India Will Not Recognise Rohingya As Refugees
On 22 September 2022, the union government—refusing to provide documentation for a Rohingya woman and her children trying to join their father in the US—told the high court of Delhi that Rohingya refugees living in India “were seriously undermining the country’s national security”.
In 2018, claiming the Rohingya had links to “terror organisations”, the government of prime minister Narendra Modi told the Supreme Court: “The court has no business to interfere in such matters of what they call illegal immigrants or illegal migrants.”
With no evidence, television channels and media allied with the government have amplified allegations (here, here and here) that the Rohingya were linked to terrorism and were security threats.
This narrative has contributed, as many have observed, to the systematic criminalisation of the Rohingya, even as India says it will deport refugees as illegal immigrants who do not hold valid travel documents, even though deportation violates the international legal principle of non-refoulement, under which countries may not return refugees to countries where they face harm or persecution.

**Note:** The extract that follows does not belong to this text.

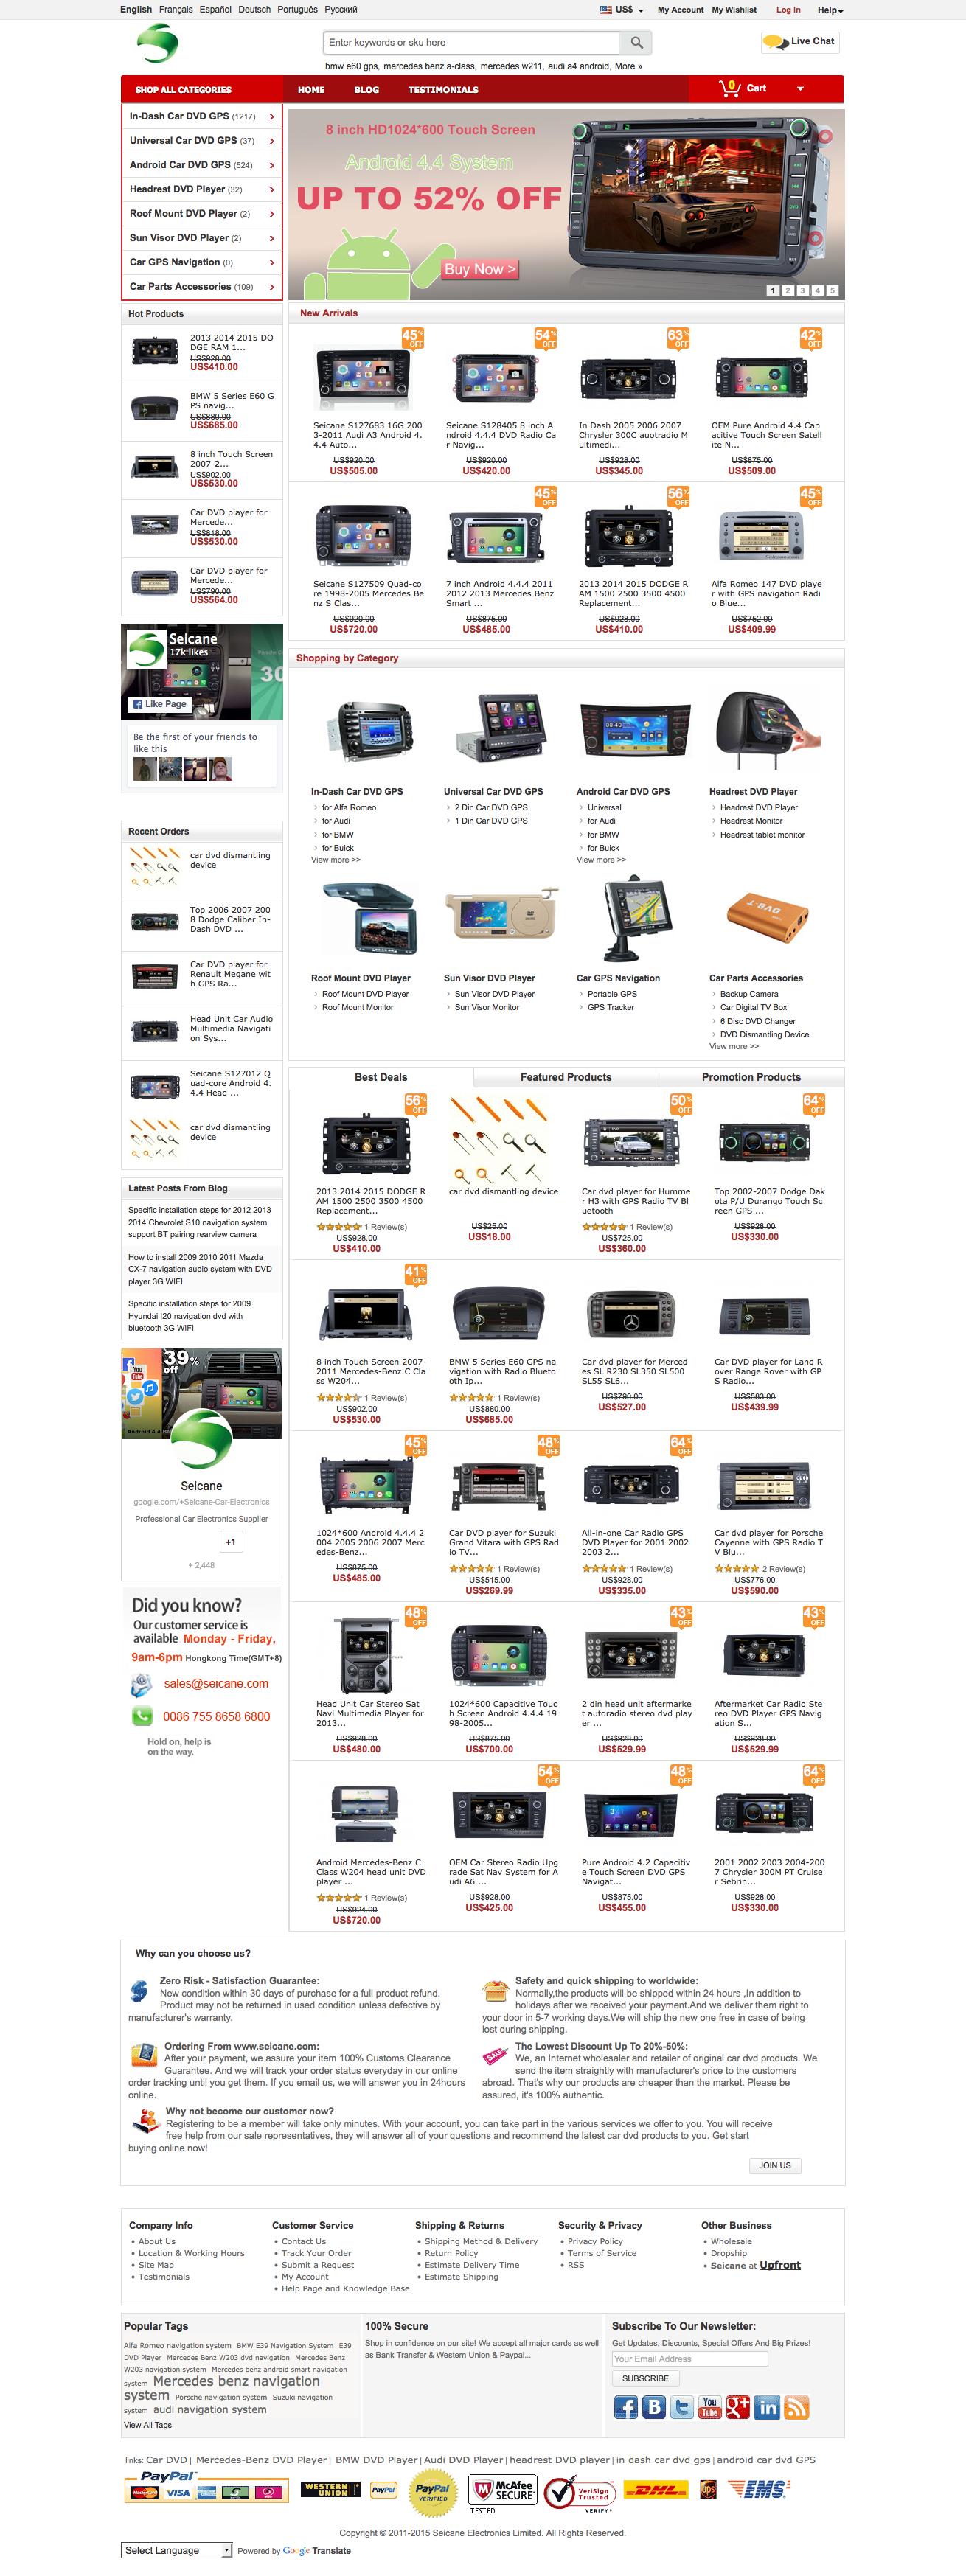 Seicane Reviews | 169 Reviews of Seicane com | ResellerRatings

Since India is not a party to the United Nations (UN) Convention Relating to the Status of Refugees (1951) and its 1967 Protocol, its refugee protection obligations are limited, as lawyer Malvika Prasad wrote in Article 14 in February 2020.

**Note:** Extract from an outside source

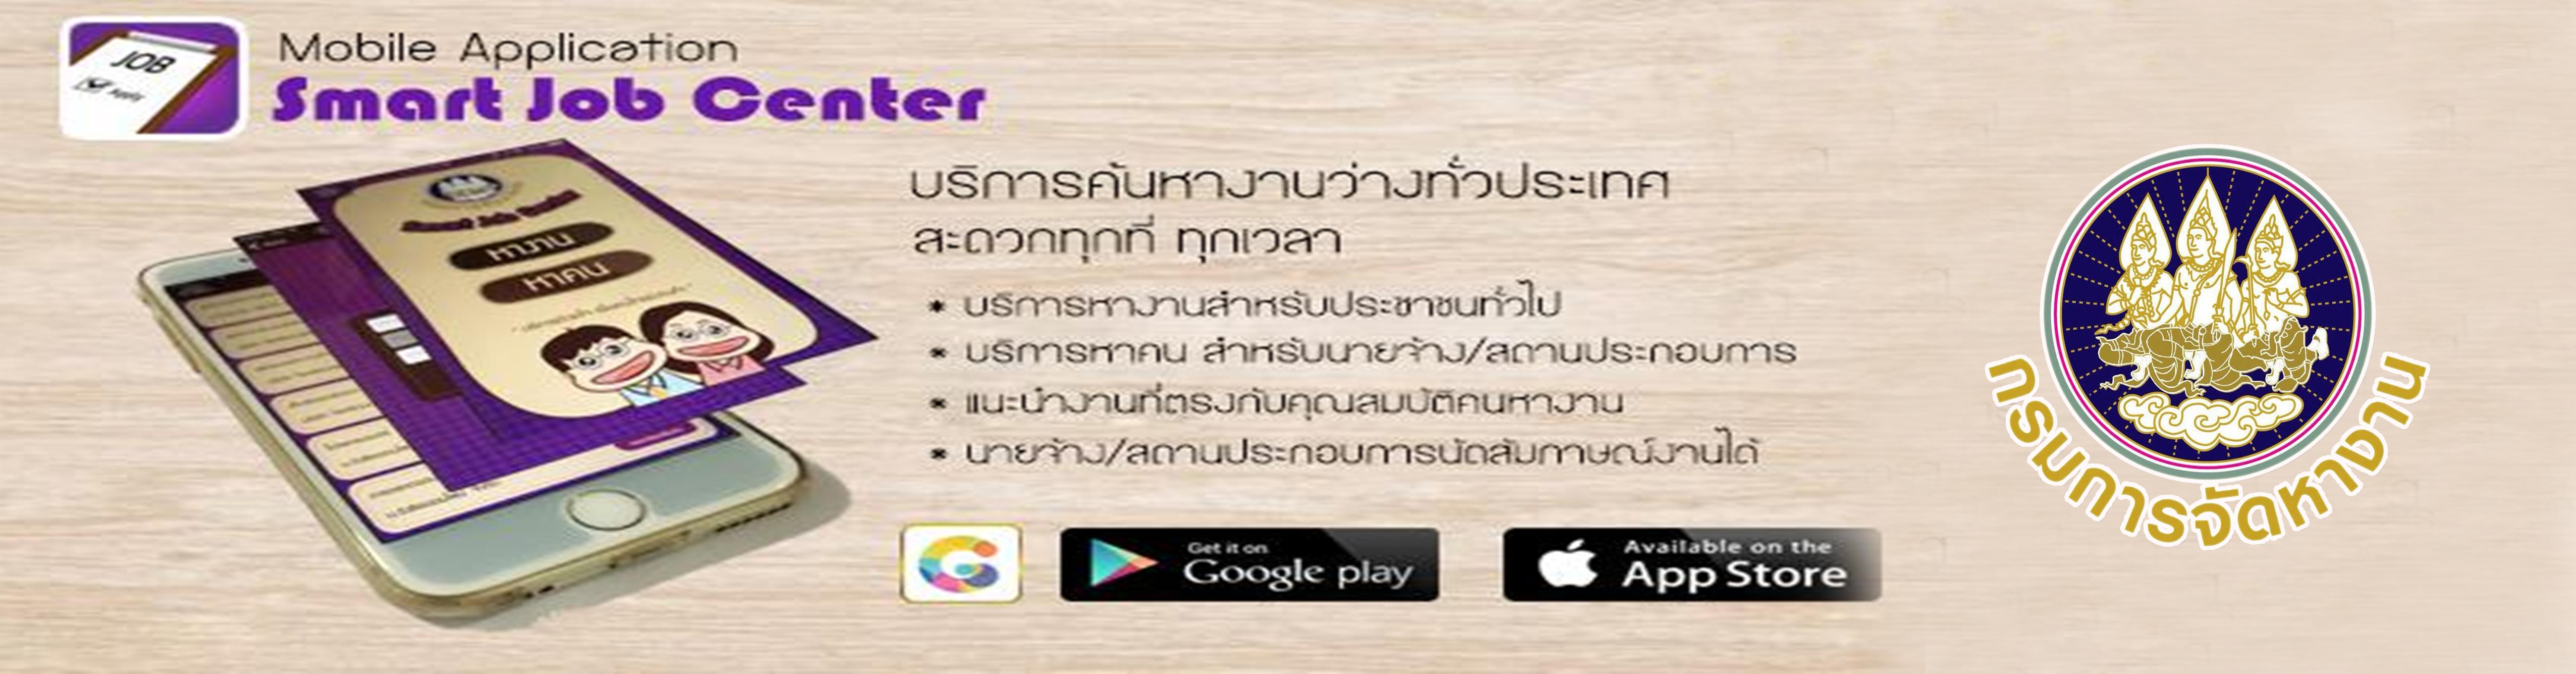 เปิดให้บริการหางานผ่าน Mobile Application

But non-refoulement is regarded as established global law binding on all countries, and the Rohingya are recognised as asylum seekers and refugees by the United Nations High Commission for Refugees (UNHCR).

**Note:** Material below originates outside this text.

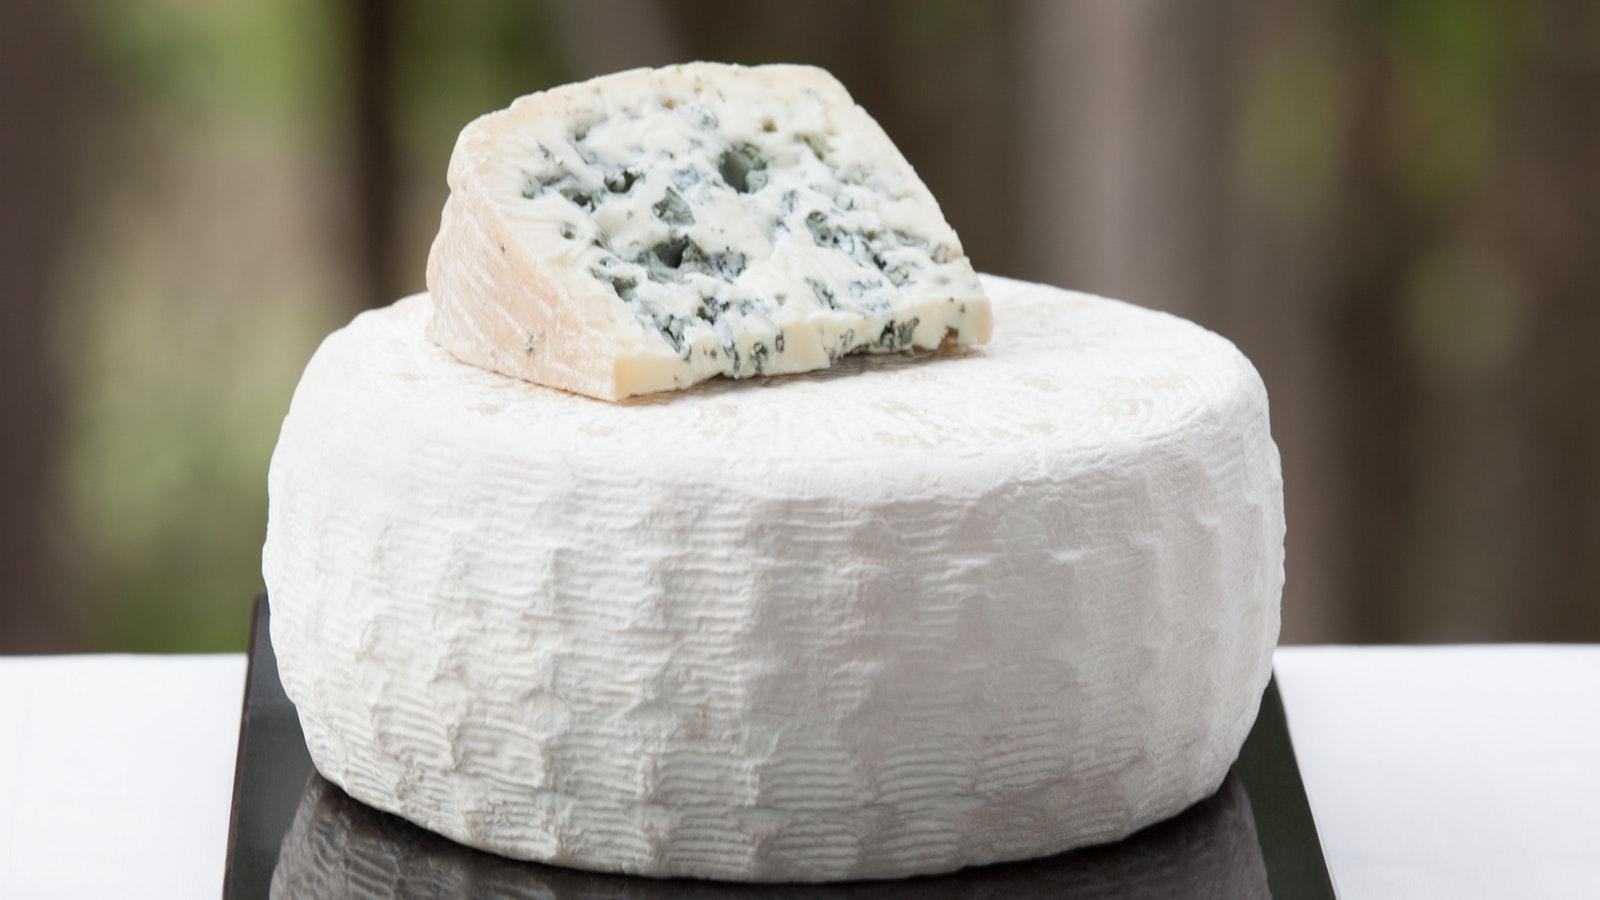 Ewes milk Venus Blue cheese

India is also a party to the Universal Declaration of Human Rights 1948, the International Covenant on Civil and Political Rights 1966, the Child Rights Convention 1989, and various other instruments that make clear rights for detenus, especially women and children.
Instead, India appears to be violating both global and national laws, with even minors held, as I found and as Article 14 reported in January 2022, at a detention centre called Sewa Kendra in the northwest Delhi suburb of Shahzada Bagh.